(What this task involves): Please give back each line of the listing, unchanged in every word.

(Data):
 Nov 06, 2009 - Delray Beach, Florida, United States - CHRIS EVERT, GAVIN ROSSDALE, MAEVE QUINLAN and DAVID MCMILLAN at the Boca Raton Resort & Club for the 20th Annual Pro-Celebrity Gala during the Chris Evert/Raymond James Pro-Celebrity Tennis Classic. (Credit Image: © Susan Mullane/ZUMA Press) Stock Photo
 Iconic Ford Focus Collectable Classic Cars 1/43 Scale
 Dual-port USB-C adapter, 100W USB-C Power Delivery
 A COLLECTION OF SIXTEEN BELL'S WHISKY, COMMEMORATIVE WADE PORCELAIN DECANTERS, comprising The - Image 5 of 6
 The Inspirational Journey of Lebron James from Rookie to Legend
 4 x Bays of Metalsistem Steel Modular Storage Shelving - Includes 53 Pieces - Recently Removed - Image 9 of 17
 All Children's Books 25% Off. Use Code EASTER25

(Written answer):
 Nov 06, 2009 - Delray Beach, Florida, United States - CHRIS EVERT, GAVIN ROSSDALE, MAEVE QUINLAN and DAVID MCMILLAN at the Boca Raton Resort & Club for the 20th Annual Pro-Celebrity Gala during the Chris Evert/Raymond James Pro-Celebrity Tennis Classic. (Credit Image: © Susan Mullane/ZUMA Press) Stock Photo
 Iconic Ford Focus Collectable Classic Cars 1/43 Scale
 Dual-port USB-C adapter, 100W USB-C Power Delivery
 A COLLECTION OF SIXTEEN BELL'S WHISKY, COMMEMORATIVE WADE PORCELAIN DECANTERS, comprising The - Image 5 of 6
 The Inspirational Journey of Lebron James from Rookie to Legend
 4 x Bays of Metalsistem Steel Modular Storage Shelving - Includes 53 Pieces - Recently Removed - Image 9 of 17
 All Children's Books 25% Off. Use Code EASTER25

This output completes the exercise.